── RECORDS SHOWN ──
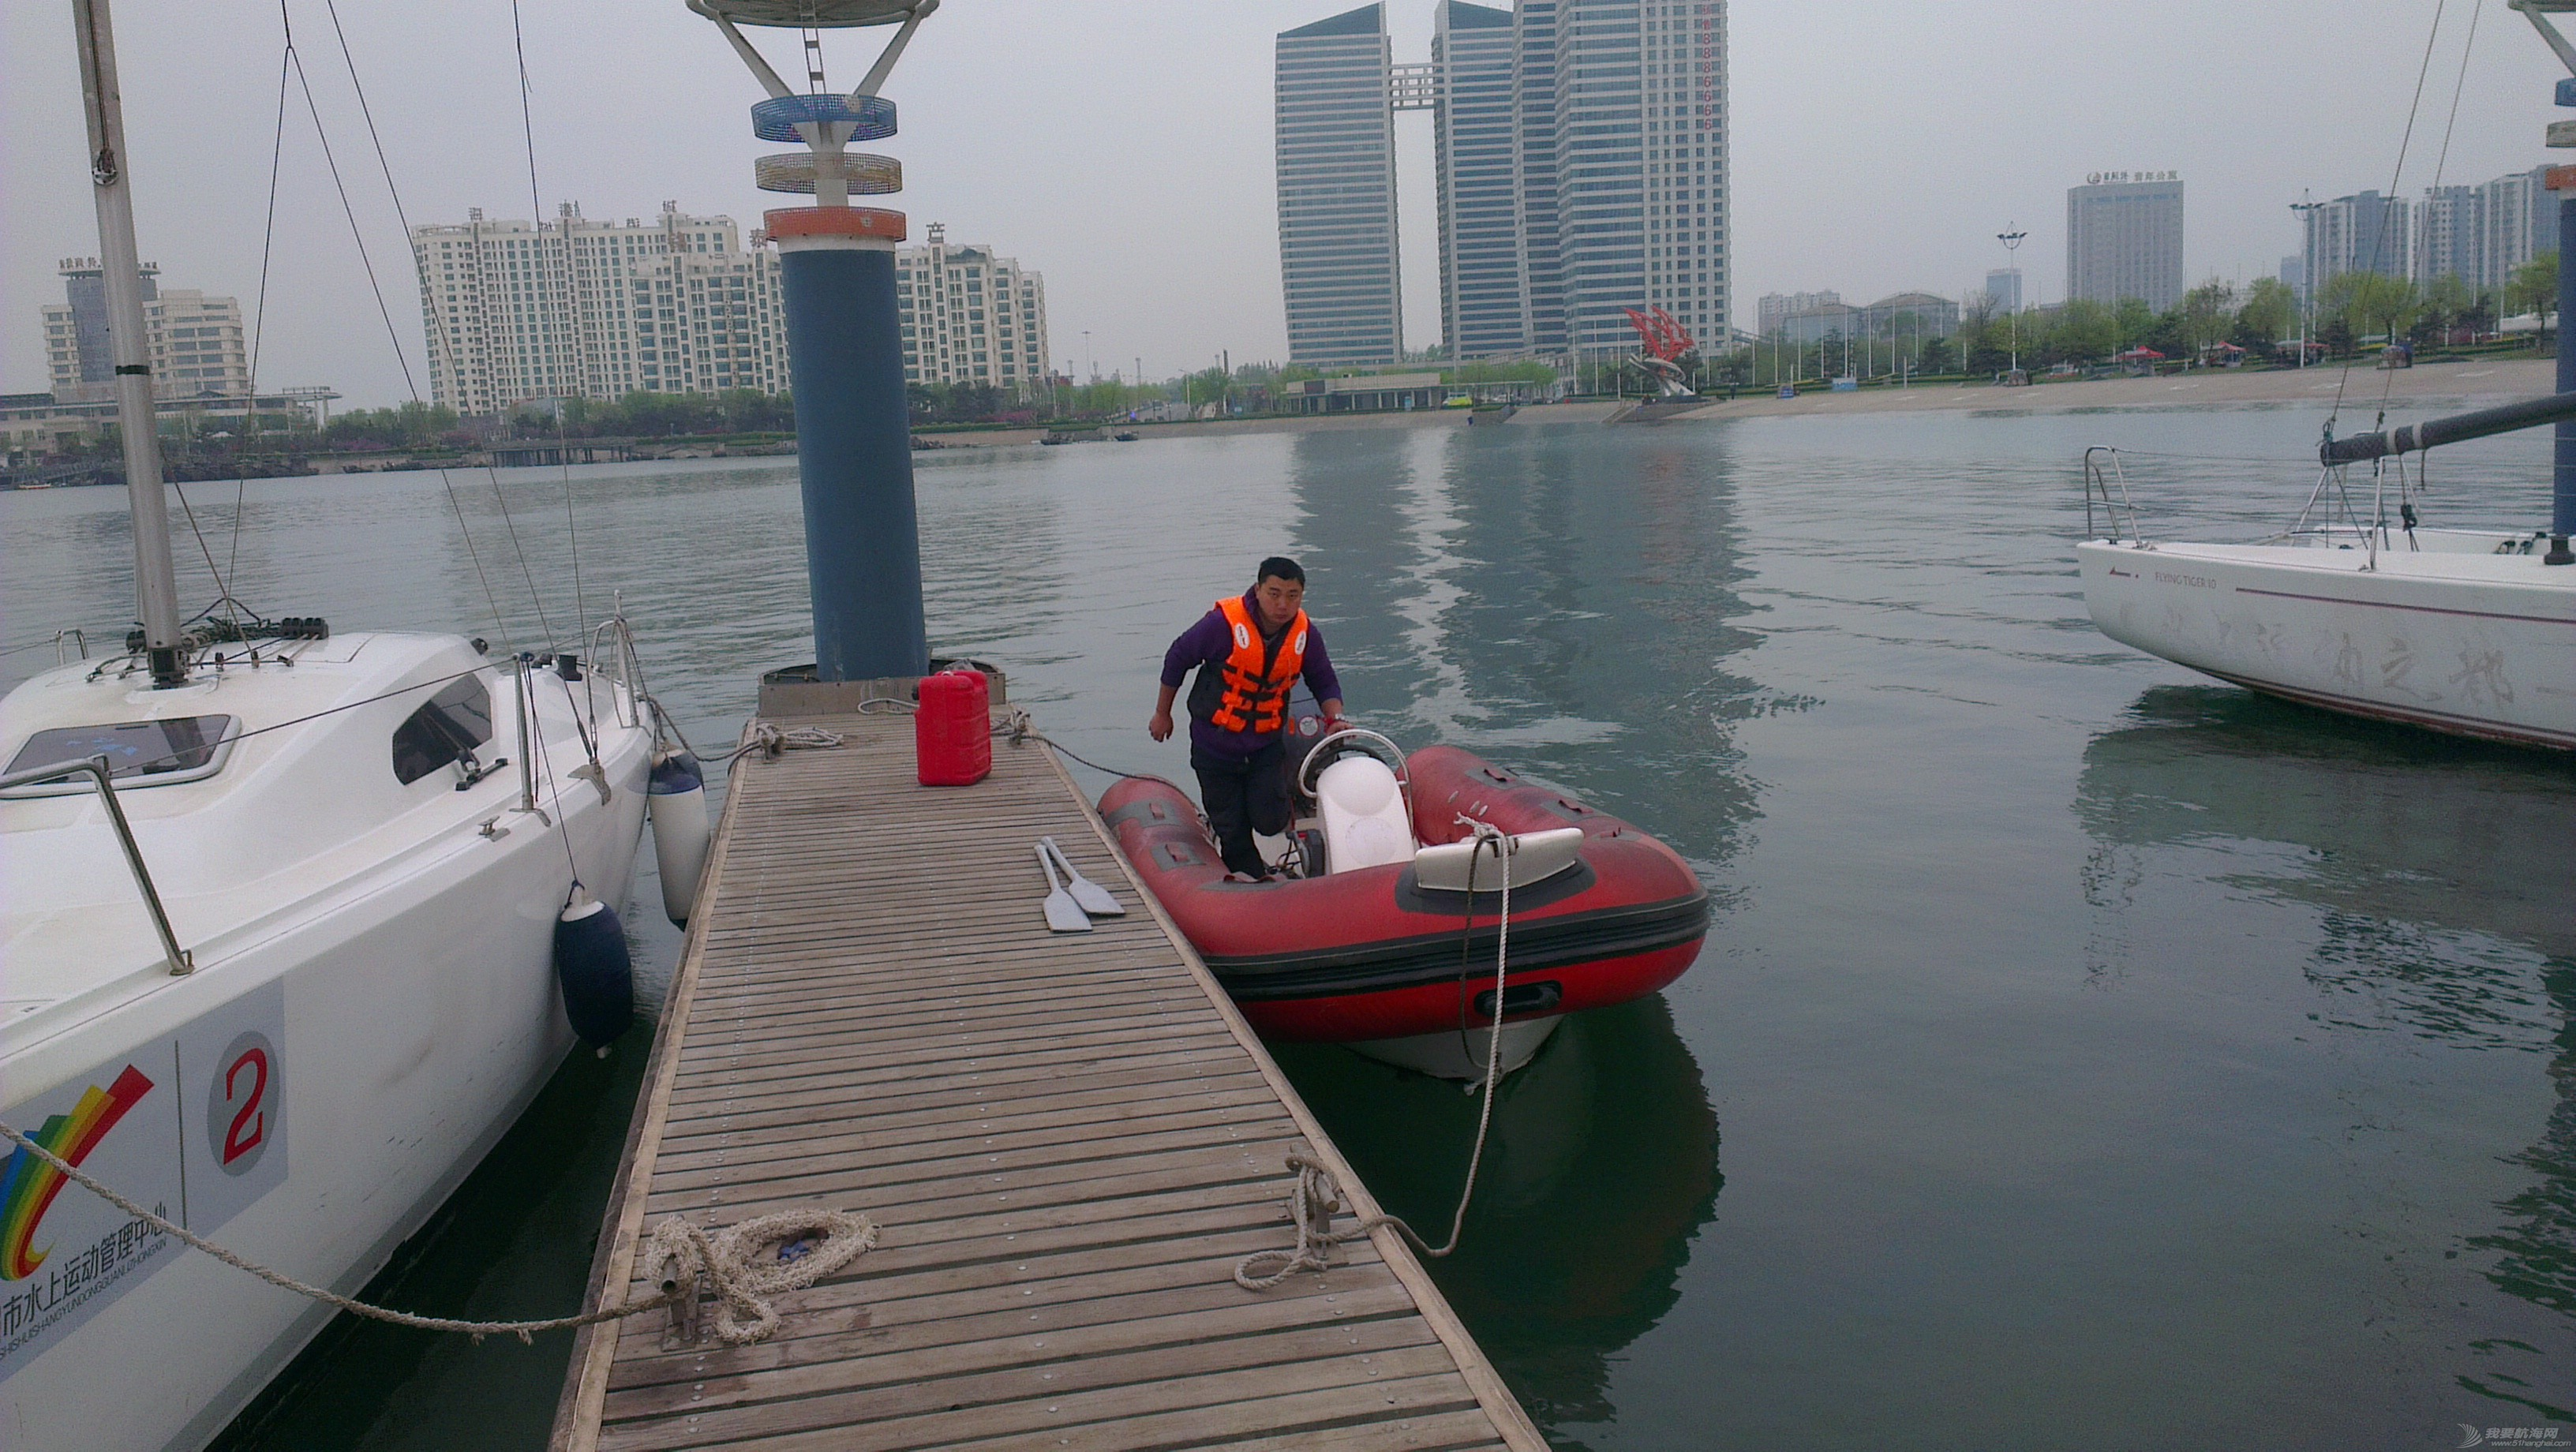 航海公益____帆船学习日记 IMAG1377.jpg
───
── RECORDS SHOWN ──
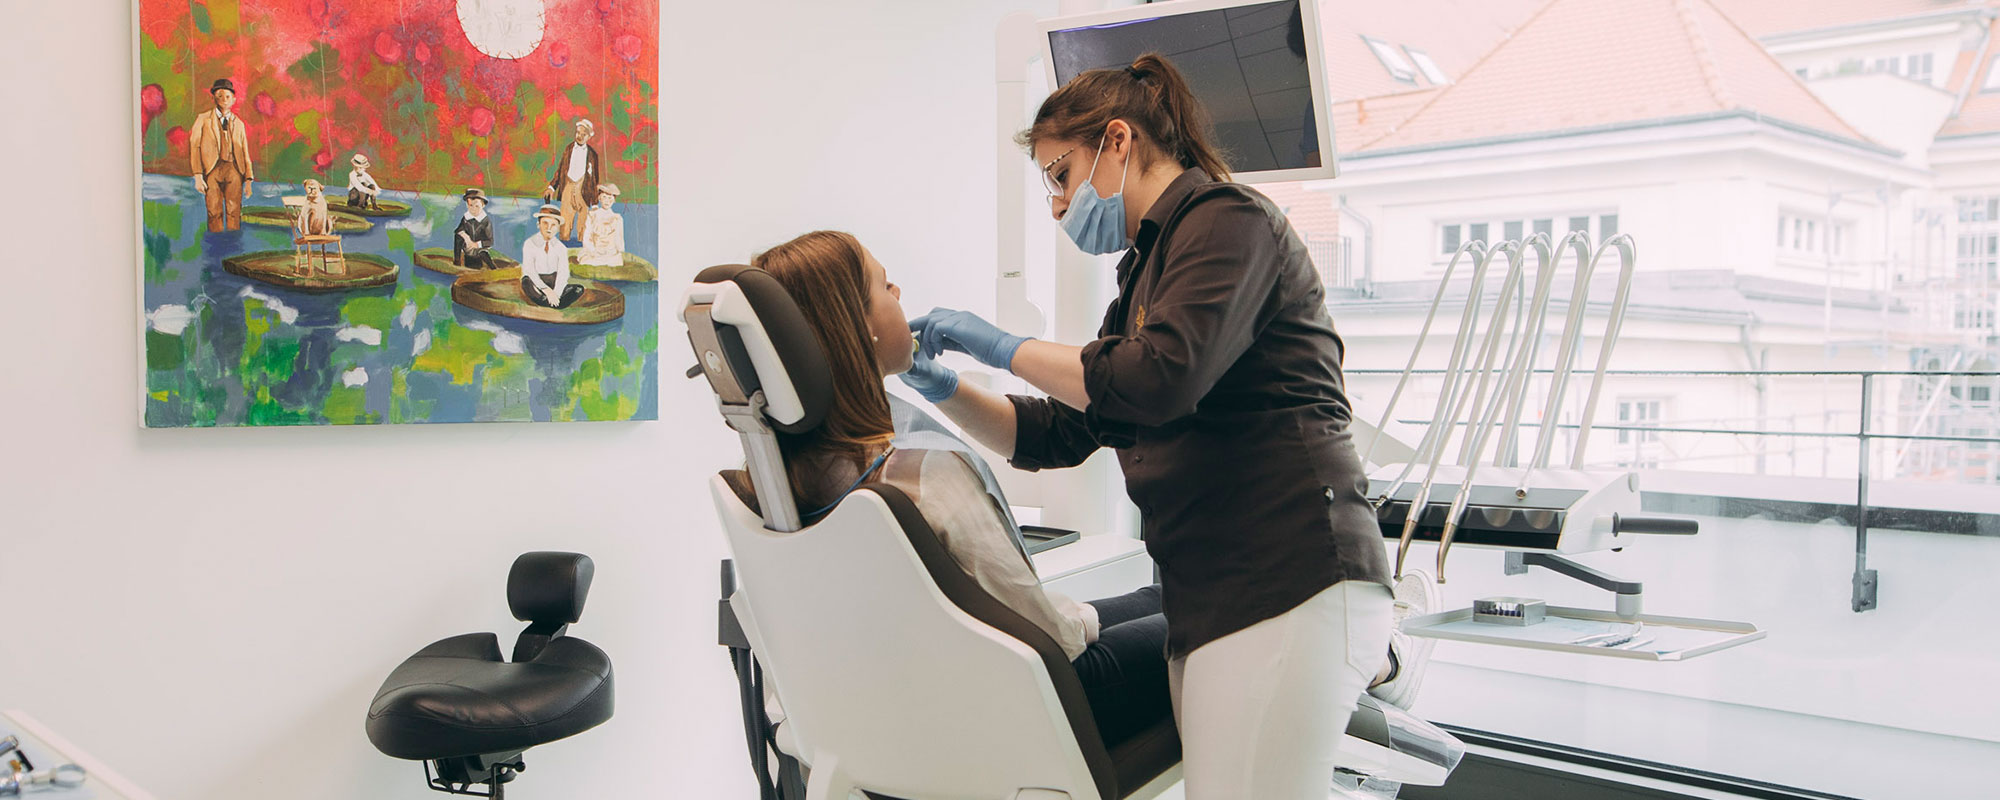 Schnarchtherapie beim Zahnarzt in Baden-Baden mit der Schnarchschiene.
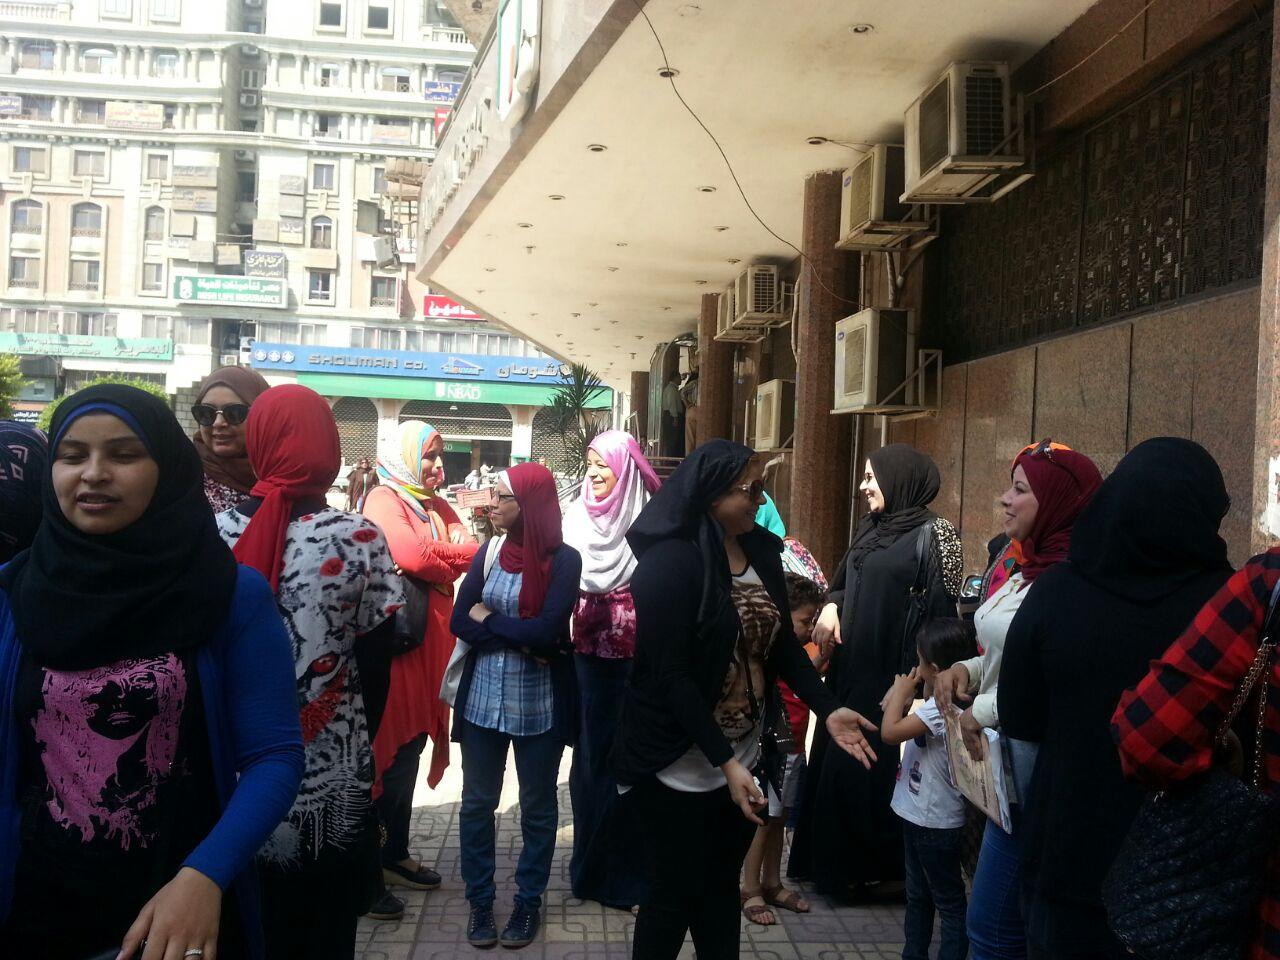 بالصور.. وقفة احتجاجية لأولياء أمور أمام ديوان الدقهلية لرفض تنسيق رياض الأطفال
───
__PROBLEM STATEMENT__
Give back exactly the lines above that run from the one with "Schnarchtherapie beim Zahnarzt" to the one with "بالصور.. وقفة احتجاجية", including both, with the pictures left out.

__RESPONSE BELOW__
 Schnarchtherapie beim Zahnarzt in Baden-Baden mit der Schnarchschiene.
 بالصور.. وقفة احتجاجية لأولياء أمور أمام ديوان الدقهلية لرفض تنسيق رياض الأطفال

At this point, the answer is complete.